Read a file line by line from S3 using boto?

Question:

I have a csv file in S3 and I’m trying to read the header line to get the size (these files are created by our users so they could be almost any size). Is there a way to do this using boto? I thought maybe I could us a python BufferedReader, but I can’t figure out how to open a stream from an S3 key. Any suggestions would be great. Thanks!

Asked By: gignosko

||

Answers:

It appears that boto has a read() function that can do this. Here’s some code that works for me:

>>> import boto
>>> from boto.s3.key import Key
>>> conn = boto.connect_s3('ap-southeast-2')
>>> bucket = conn.get_bucket('bucket-name')
>>> k = Key(bucket)
>>> k.key = 'filename.txt'
>>> k.open()
>>> k.read(10)
'This text '

The call to read(n) returns the next n bytes from the object.

Of course, this won’t automatically return “the header line”, but you could call it with a large enough number to return the header line at a minimum.

Answered By: John Rotenstein

You may find https://pypi.python.org/pypi/smart_open useful for your task.

From documentation:

for line in smart_open.smart_open('s3://mybucket/mykey.txt'):
    print line
Answered By: Michael Korbakov

Here’s a solution which actually streams the data line by line:

from io import TextIOWrapper
from gzip import GzipFile
...

# get StreamingBody from botocore.response
response = s3.get_object(Bucket=bucket, Key=key)
# if gzipped
gzipped = GzipFile(None, 'rb', fileobj=response['Body'])
data = TextIOWrapper(gzipped)

for line in data:
    # process line
Answered By: kooshywoosh

With boto3 you can access a raw stream and read line by line.
Just note raw stream is a private property for some reason

s3 = boto3.resource('s3', aws_access_key_id='xxx', aws_secret_access_key='xxx')
obj = s3.Object('bucket name', 'file key')

obj.get()['Body']._raw_stream.readline() # line 1
obj.get()['Body']._raw_stream.readline() # line 2
obj.get()['Body']._raw_stream.readline() # line 3...
Answered By: robertzp

If you want to read multiple files (line by line) with a specific bucket prefix (i.e., in a “subfolder”) you can do this:

s3 = boto3.resource('s3', aws_access_key_id='<key_id>', aws_secret_access_key='<access_key>')

    bucket = s3.Bucket('<bucket_name>')
    for obj in bucket.objects.filter(Prefix='<your prefix>'):
        for line in obj.get()['Body'].read().splitlines():
            print(line.decode('utf-8'))

Here lines are bytes so I am decoding them; but if they are already a string, you can skip that.

Answered By: oneschilling

The most dynamic and low cost way to read the file is to read each byte until you find the number of lines you need.

line_count = 0
line_data_bytes = b''

while line_count < 2 :

    incoming = correlate_file_obj['Body'].read(1)
    if incoming == b'n':
        line_count = line_count + 1

    line_data_bytes = line_data_bytes + incoming

logger.debug("read bytes:")
logger.debug(line_data_bytes)

line_data = line_data_bytes.split(b'n')

You won’t need to guess about header size if the header size can change, you won’t end up downloading the whole file, and you don’t need 3rd party tools.

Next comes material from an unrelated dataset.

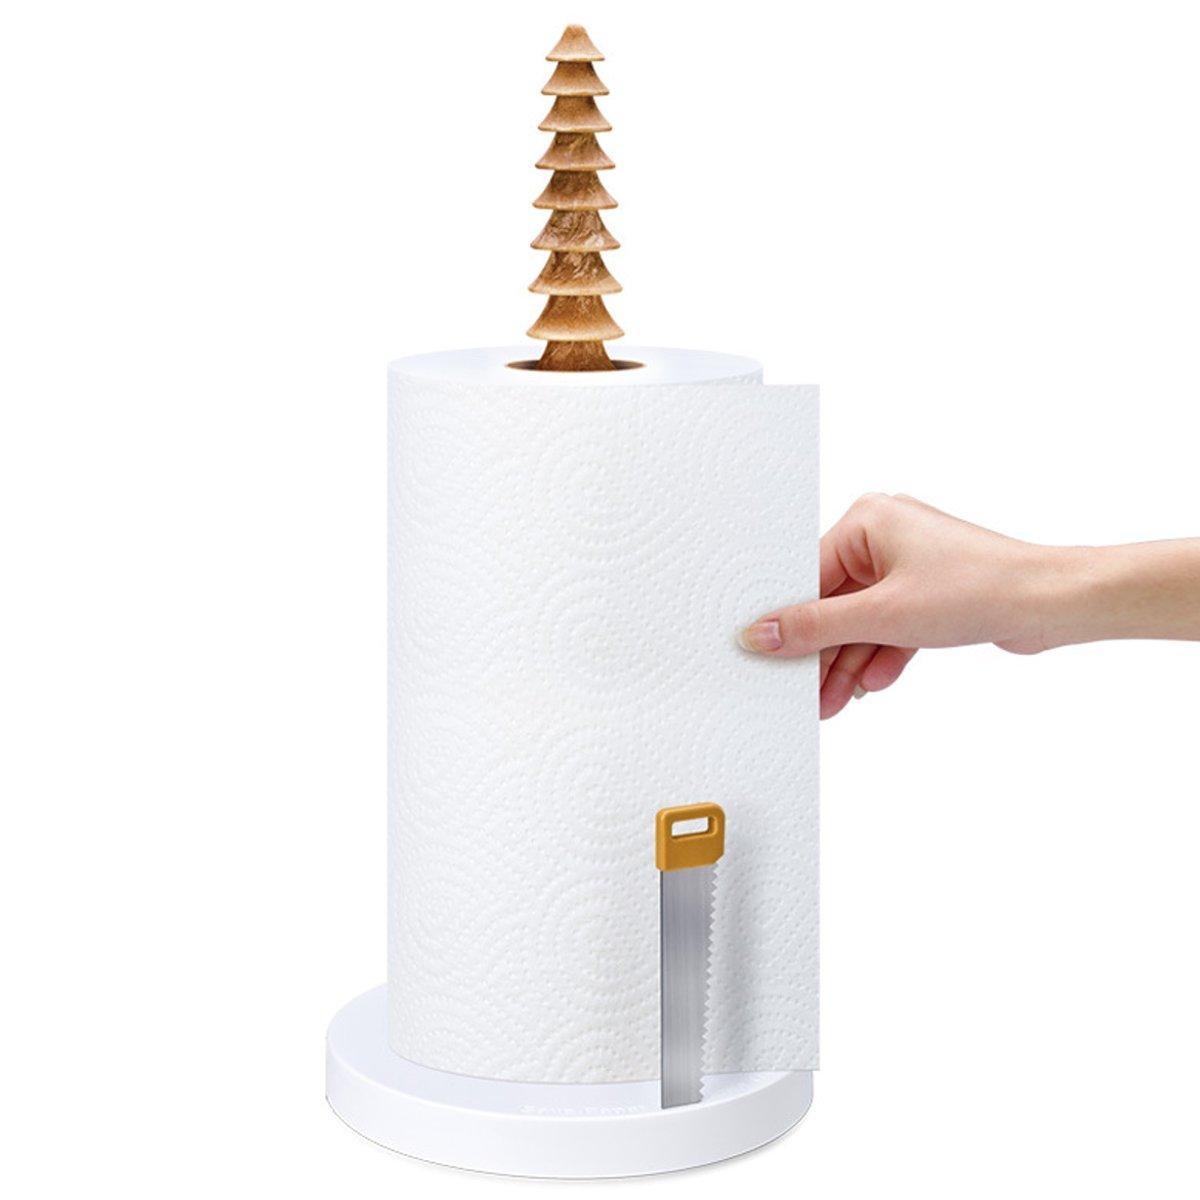 Keuken Keukenrolhouder Vrijstaand toiletpapier Roll Dispenser Opslag - 2

Granted you need to make sure the line delimeter in your file is correct and you are reading the right number of bytes to find it.

Answered By: KiteCoder

Using boto3:

s3 = boto3.resource('s3')
obj = s3.Object(BUCKET, key)
for line in obj.get()['Body']._raw_stream:
    # do something with line
Answered By: hansaplast

I know it’s a very old question.

But as for now, we can just use s3_conn.get_object(Bucket=bucket, Key=key)['Body'].iter_lines()

Answered By: peon

Expanding on kooshywoosh’s answer: using TextIOWrapper (which is very useful) on a StreamingBody from a plain binary file directly isn’t possible, as you’ll get the following error:

"builtins.AttributeError: 'StreamingBody' object has no attribute 'readable'"

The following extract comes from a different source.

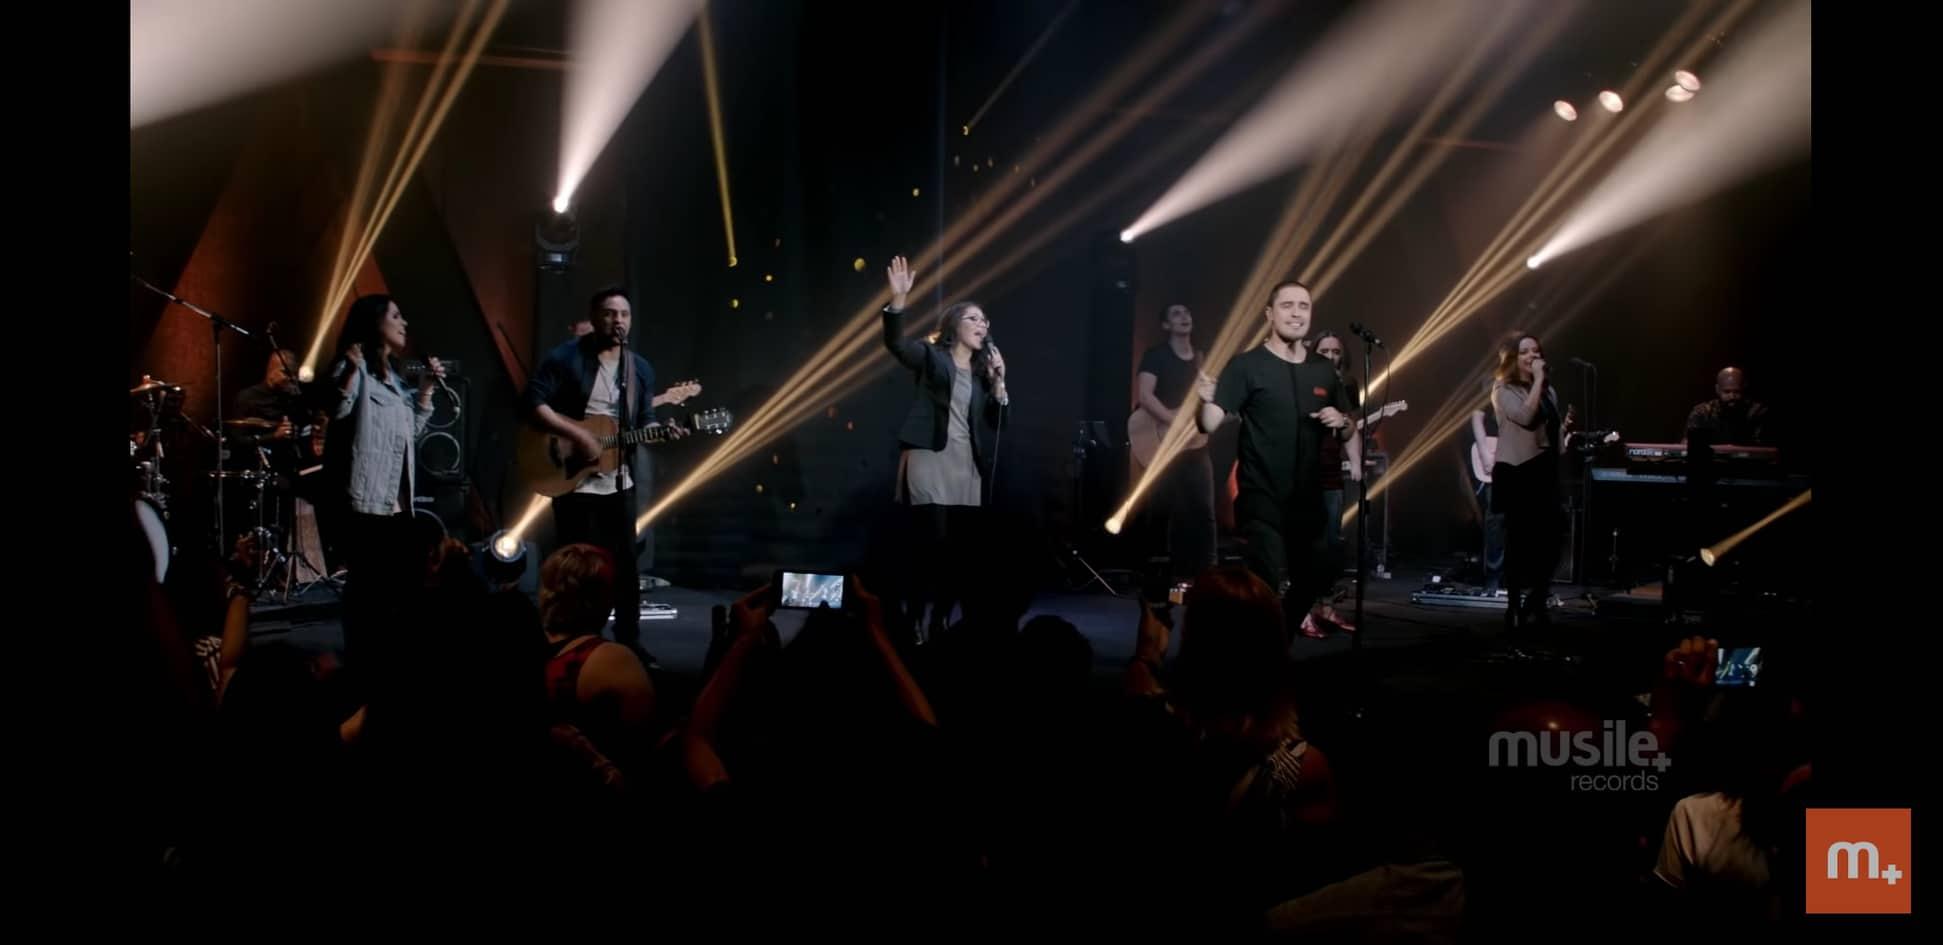 Musile Records | ADAI Music apresenta Aguardo o Dia

However, you can use the following hack mentioned in this long standing issue on botocore’s github page, and define a very simple wrapper class around StreamingBody:

from io import RawIOBase
...

class StreamingBodyIO(RawIOBase):
"""Wrap a boto StreamingBody in the IOBase API."""
def __init__(self, body):
    self.body = body

def readable(self):
    return True

def read(self, n=-1):
    n = None if n < 0 else n
    return self.body.read(n)

Then, you can simply use the following code:

from io import TextIOWrapper
...

# get StreamingBody from botocore.response
response = s3.get_object(Bucket=bucket, Key=key)
data = TextIOWrapper(StreamingBodyIO(response))
for line in data:
    # process line
Answered By: Dean Gurvitz

The codecs module in the stdlib provides a simple way to encode a stream of bytes into a stream of text and provides a generator to retrieve this text line-by-line. It can be used with S3 without much hassle:

import codecs

import boto3


s3 = boto3.resource("s3")
s3_object = s3.Object('my-bucket', 'a/b/c.txt')
line_stream = codecs.getreader("utf-8")

for line in line_stream(s3_object.get()['Body']):
    print(line)
Answered By: alukach